Tutorial Sessions:

IWSOS 2006 will be accompanied by one special tutorial session taking place before and after the main workshop event. The second tutorial session planned on Wednesday 20th September has been cancelled.

 

Registration to the Tutorials:

Registration to the tutorial will cost 70Euros. The registration costs only cover the attendance to the desired session(s) only and do not entitle the attendee to any of the IWSOS sessions or social events. The registration must be done as follows:

  1. Send an email to iwsos@fmi.uni-passau.de specifying which sessions to register (before 10 September 2006)
  2. Payment is done by cash only at the registration desk (open on Sunday from Midday)
  3. Attendance of a single tutorial session costs 70 Euros

Tutorial Session 1: Resilient and Survivable Networks

Date and Time:

Sunday, 17th September 2006, 14:00 - 17:30

Organizer:

James P.G. Sterbenz, University of Kansas (US) and Lancaster University (UK)

 

Abstract:

This tutorial presents a comprehensive introduction to resilient and survivable networking. The target audience includes computer scientists and engineers who wish to learn about this emerging discipline.

 

Tutorial outline:

1. Motivation for resilient networks
2. Threats and challenges to the network
3. Problems with the current Internet, PSTN, and SCADA networks
4. Case studies in past failures
5. Architectural principles for resilient network design
6. Applying multi-level resilience to the protocol stack and planes

 

Biography:

Dr. James P.G. Sterbenz is Associate Professor of Electrical Engineering & Computer Science and member of the technical staff in the Information and Telecommunication Technology Center at the University of Kansas, and is a Visiting Professor of Computing in InfoLab21 at Lancaster University in the UK. He has previously held senior staff and research management positions at BBN Technologies, GTE Laboratories, and IBM Research. He has been a principal investigator and program manager for several DARPA and NASA funded research programs, including the DARPA Active Nets SENCOMM project.

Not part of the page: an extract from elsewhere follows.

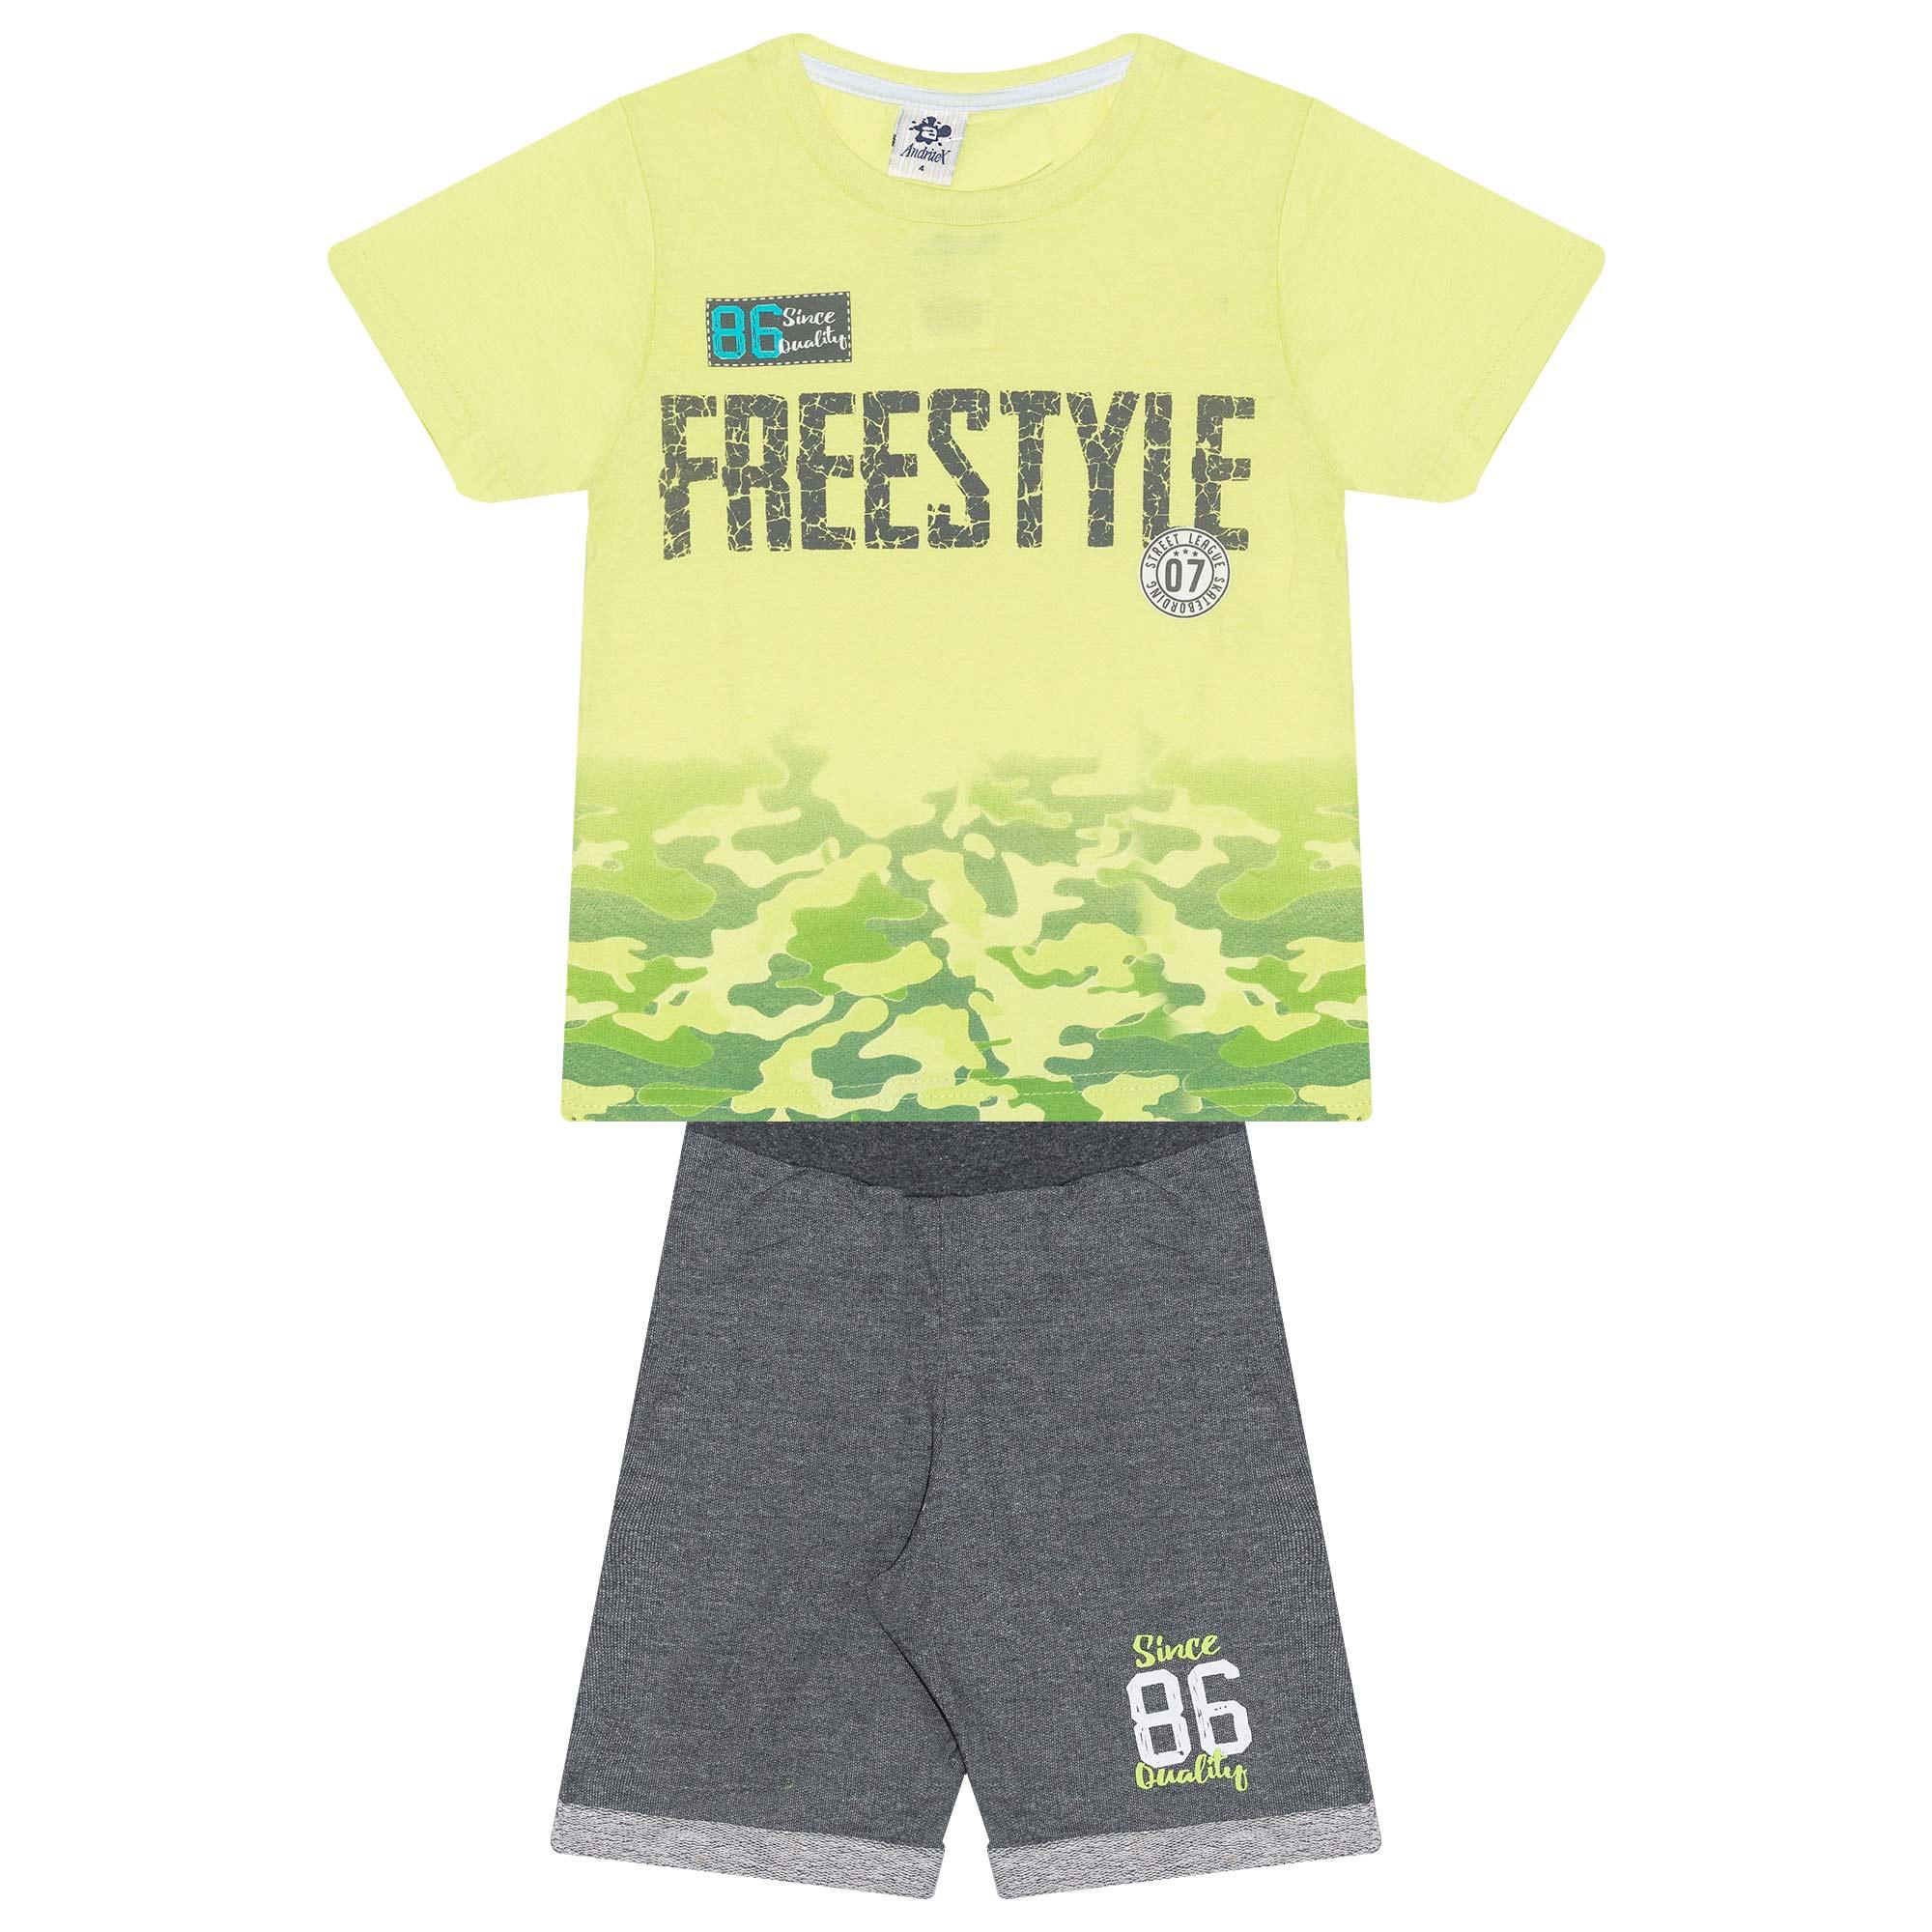 Conjunto Infantil Masculino - Ref 4775  - Verde - Andritex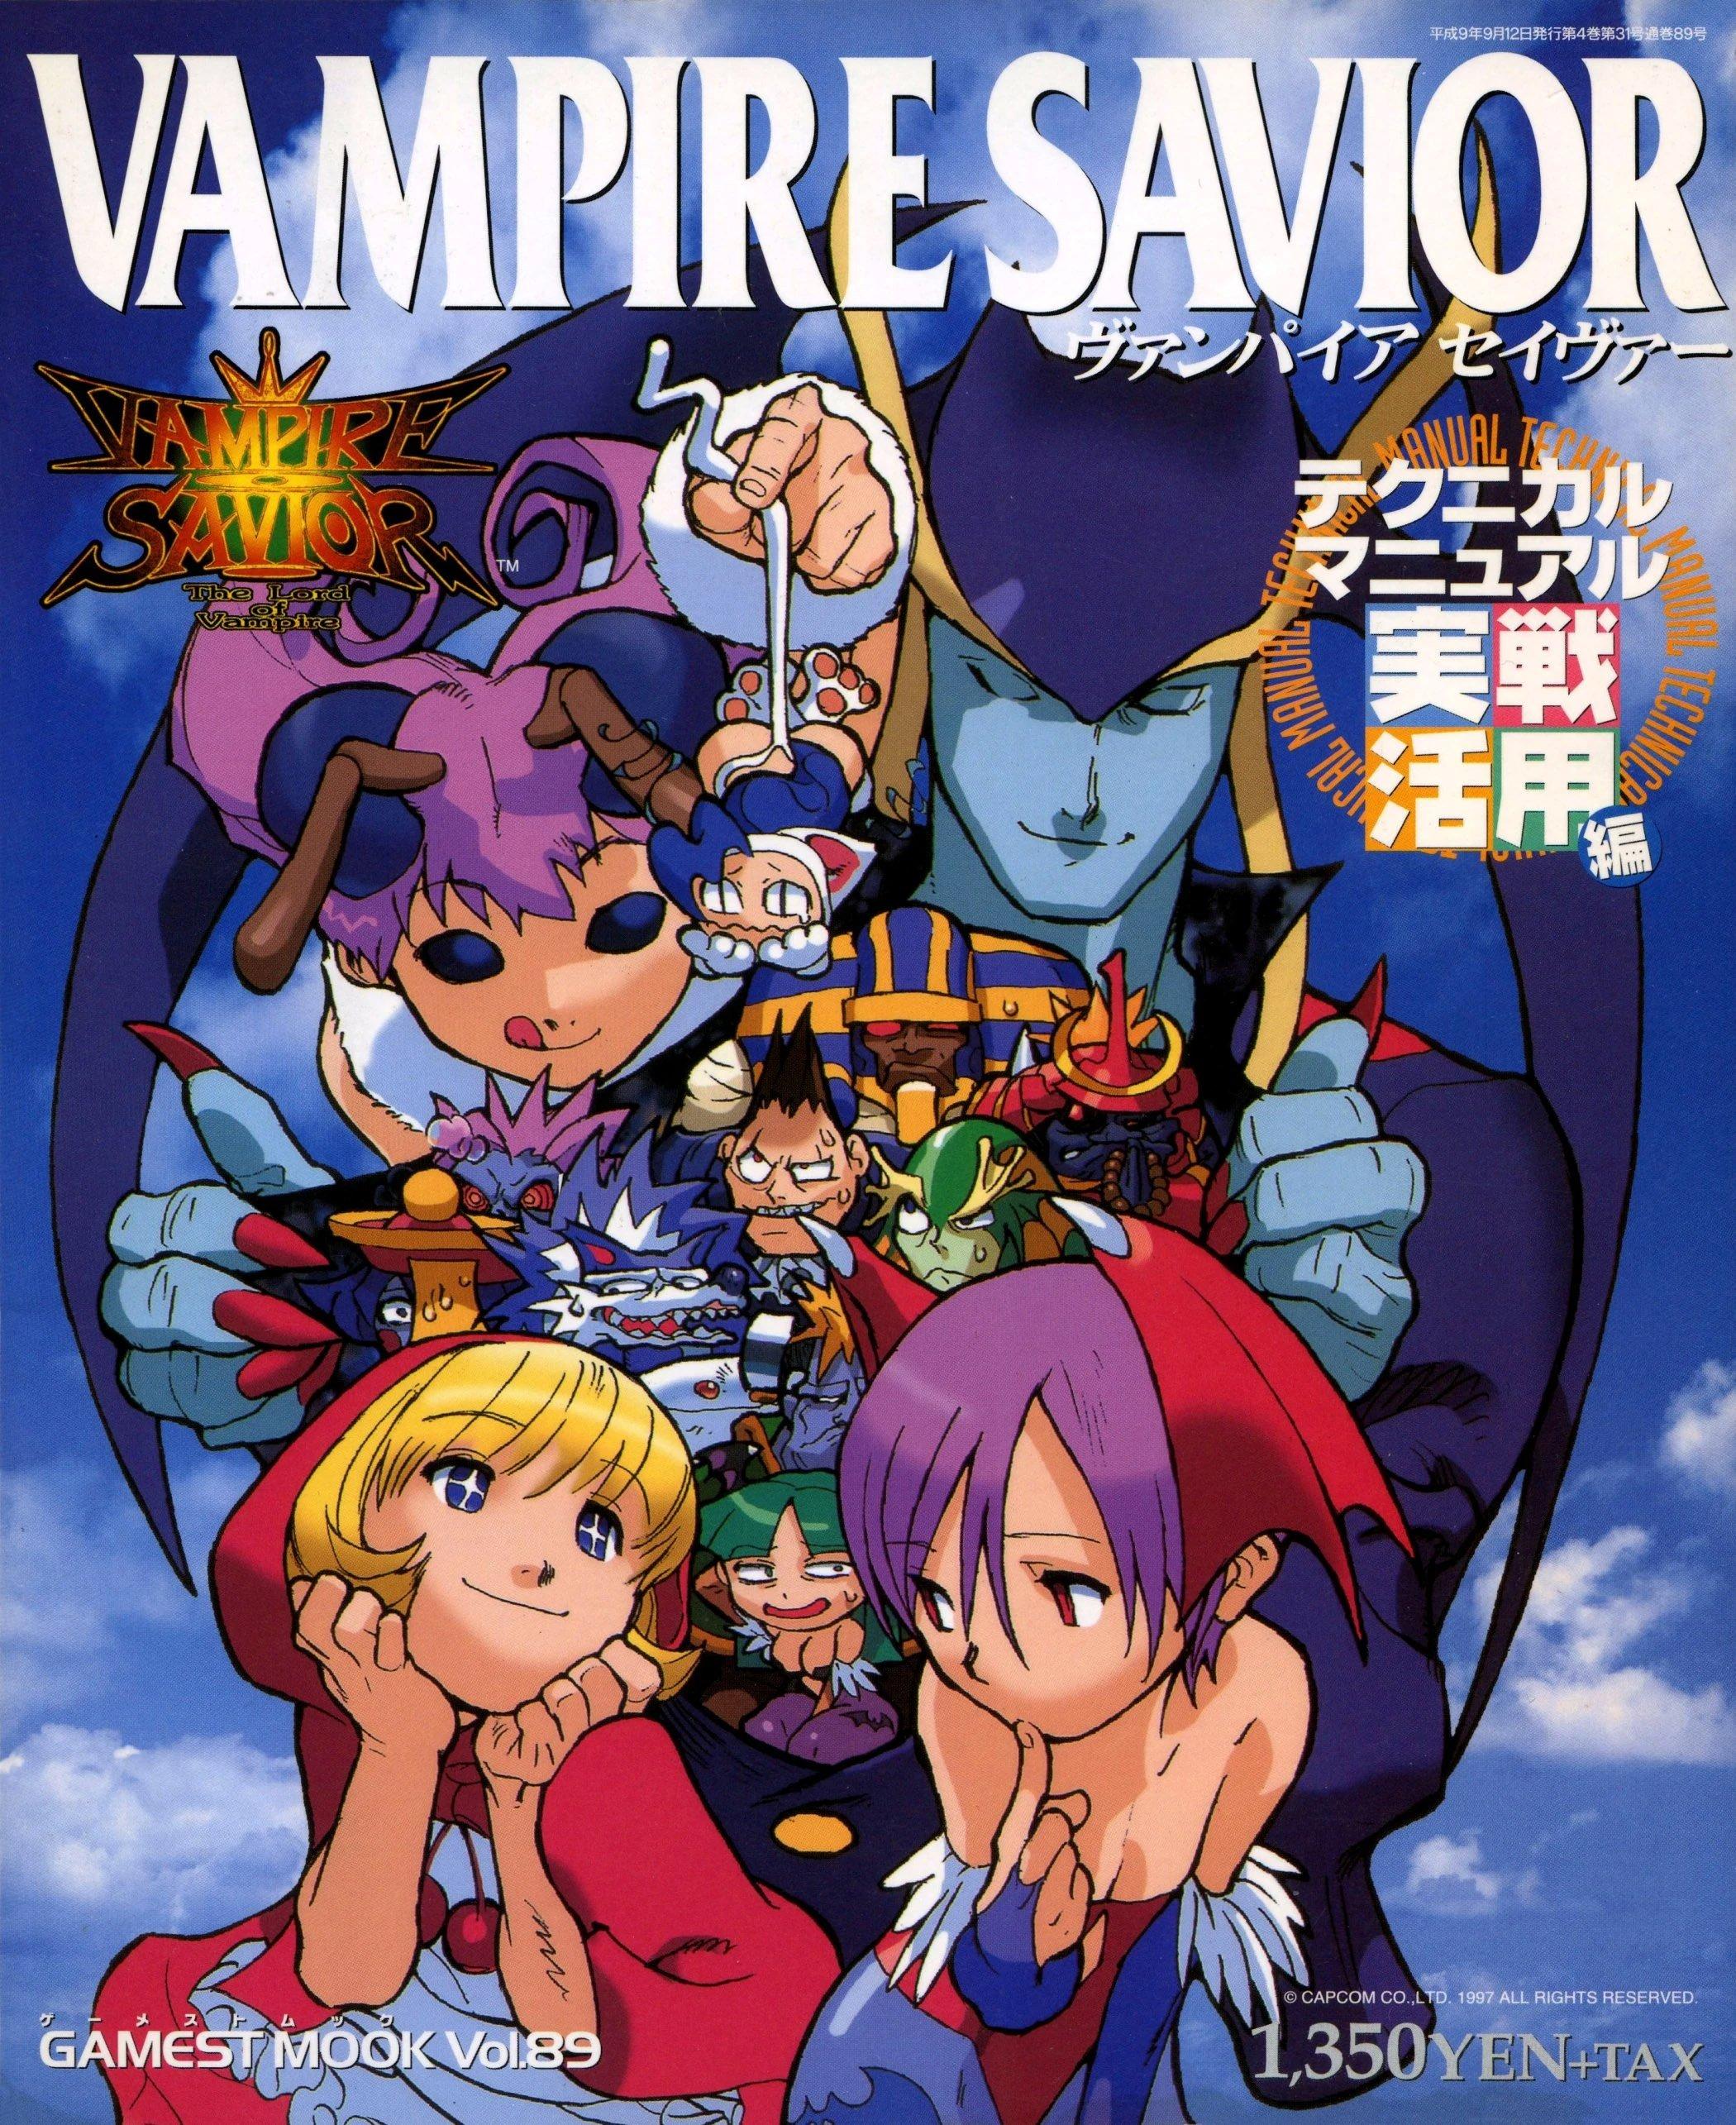 Darkstalkers - Vampire Savior Technical Manual Kisochishiki Hen

He is co-PI of the ResiliNets initiative; his research interests include survivable, resilient, and disruption tolerant mobile wireless networking, active and programmable networks, and high-speed networking and components. He received a doctorate in computer science from Washington University in 1991. He is a senior member of the IEEE, and a member of the IEE (UK), IEICE (Japan), ACM, ISOC Interplanetary SIG, and IFIP. He has been program chair for IEEE GBN and HotI, IFIP PfHSN and IWAN, is a member of the IWAN and PfHSN steering committees, is on the editorial board of IEEE Network, and is a Division Editor for KICS/IEEE Journal of Communications and Networks. He is principal author of the book High-Speed Networking: A Systematic Approach to High-Bandwidth Low-Latency Communication (Wiley 2001).

Tutorial Session 2: Basics and Challenges of the Emerging Peer-to-Peer Technology:

This tutorial session has been cancelled!